Would you reproduce the whole listing exactly, minus its images?

DATA -
____________

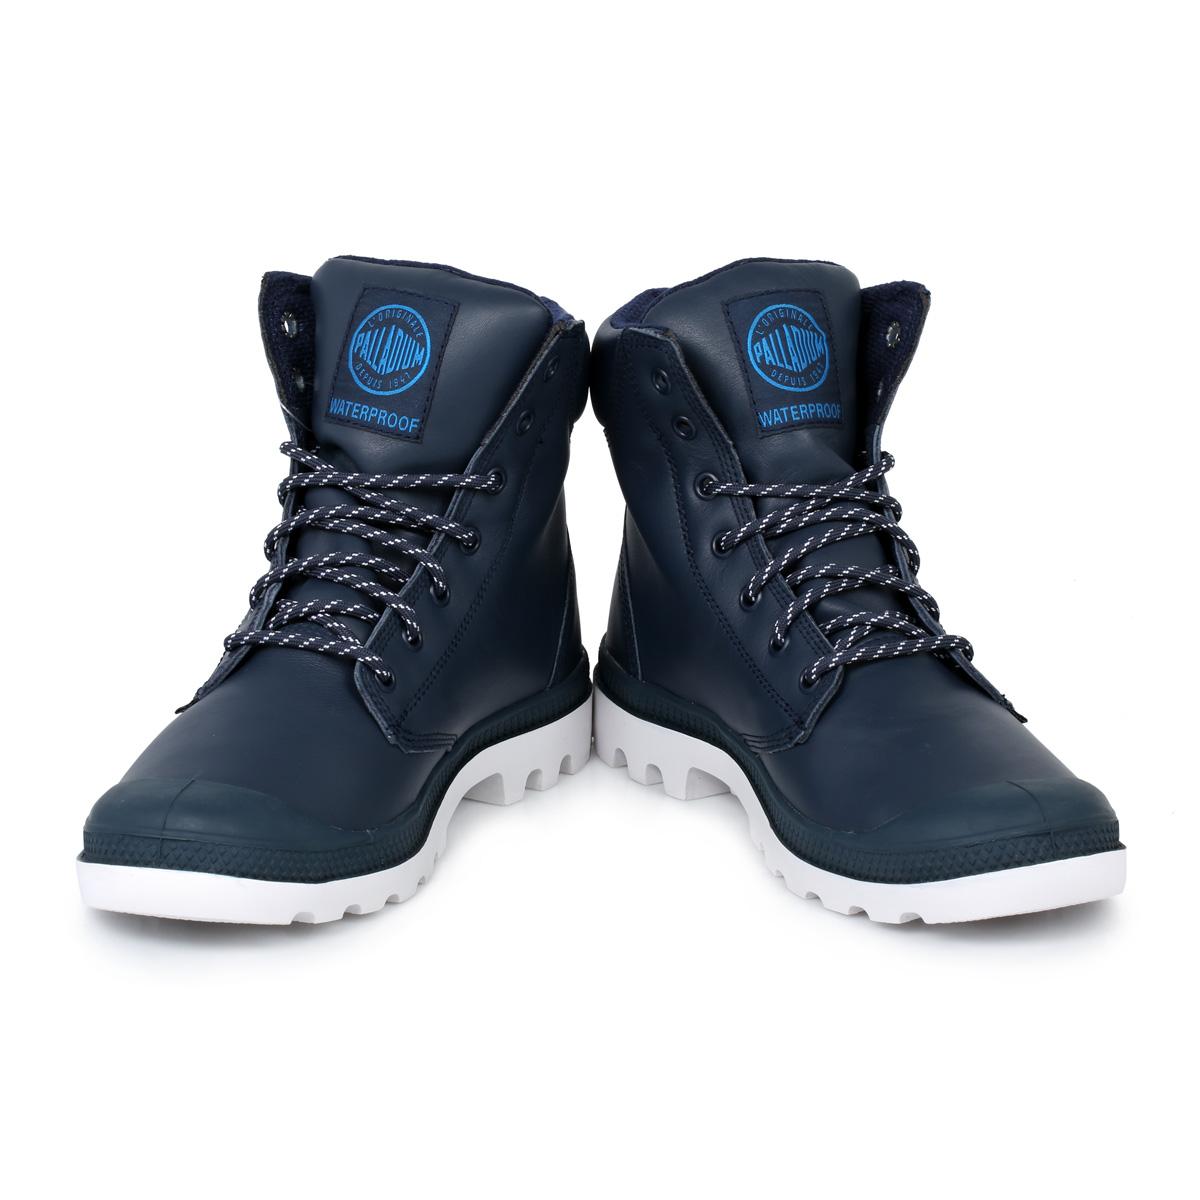 Gallery For gt Palladium Boots Men Blue
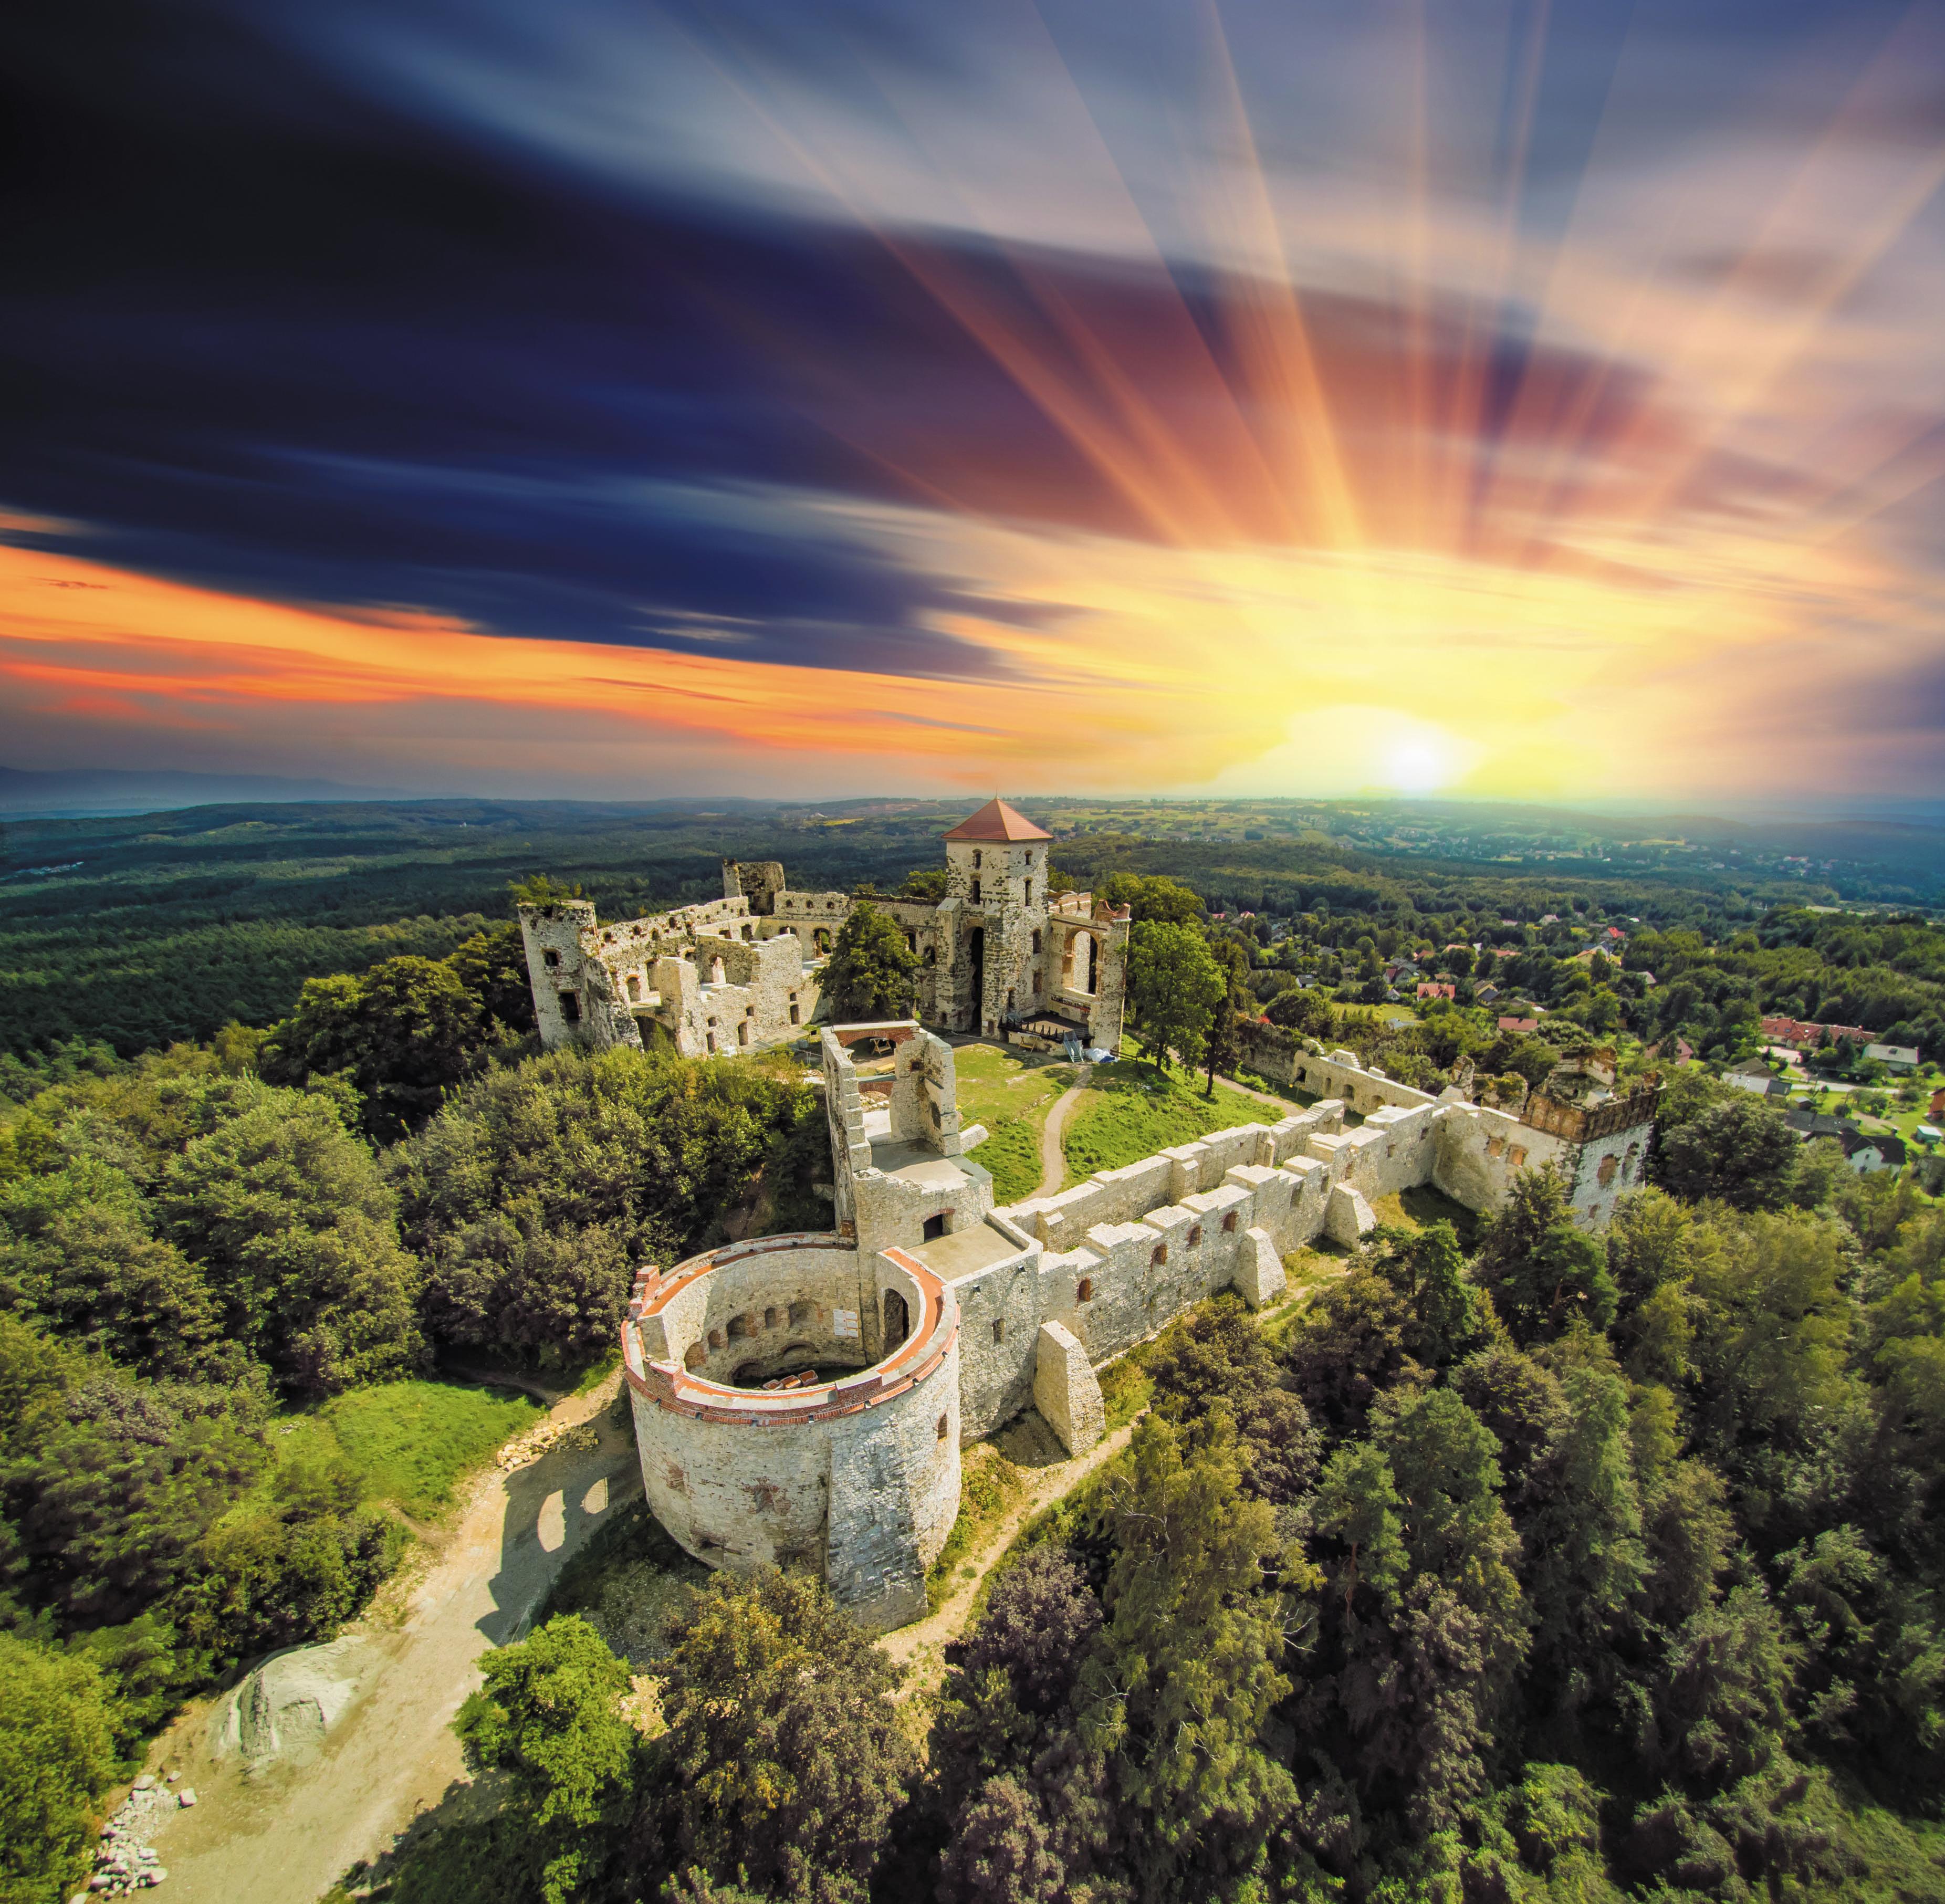 Zamek Tenczyn fot. M. Sowiński (1)
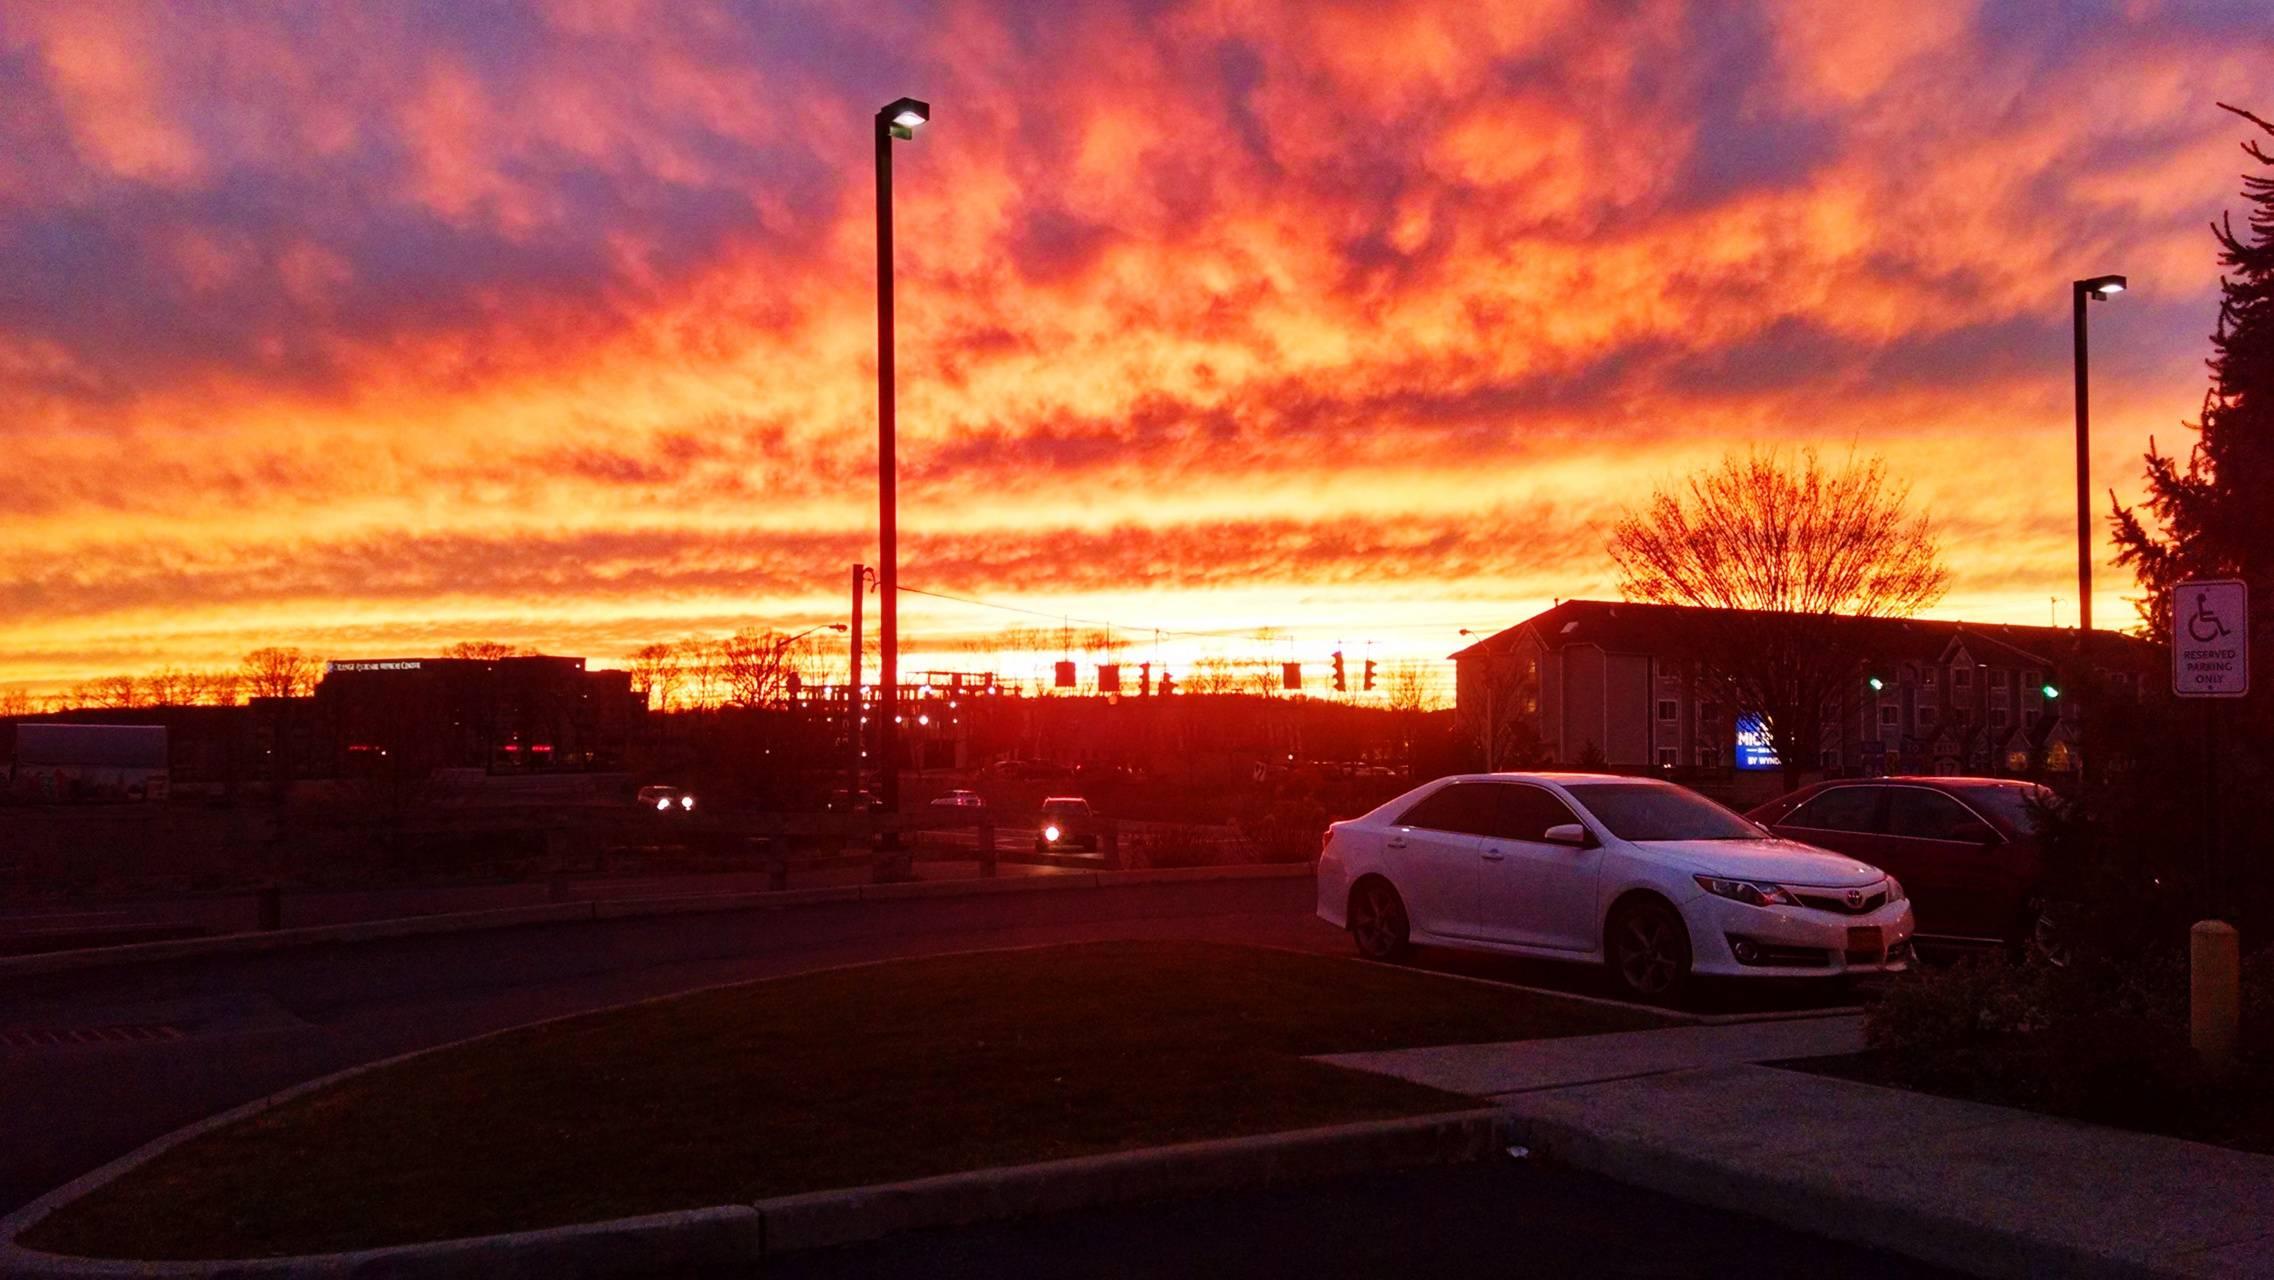 Sunset in Newburgh

____________

SOLUTION TO THIS EXERCISE -
 Gallery For gt Palladium Boots Men Blue
 Zamek Tenczyn fot. M. Sowiński (1)
 Sunset in Newburgh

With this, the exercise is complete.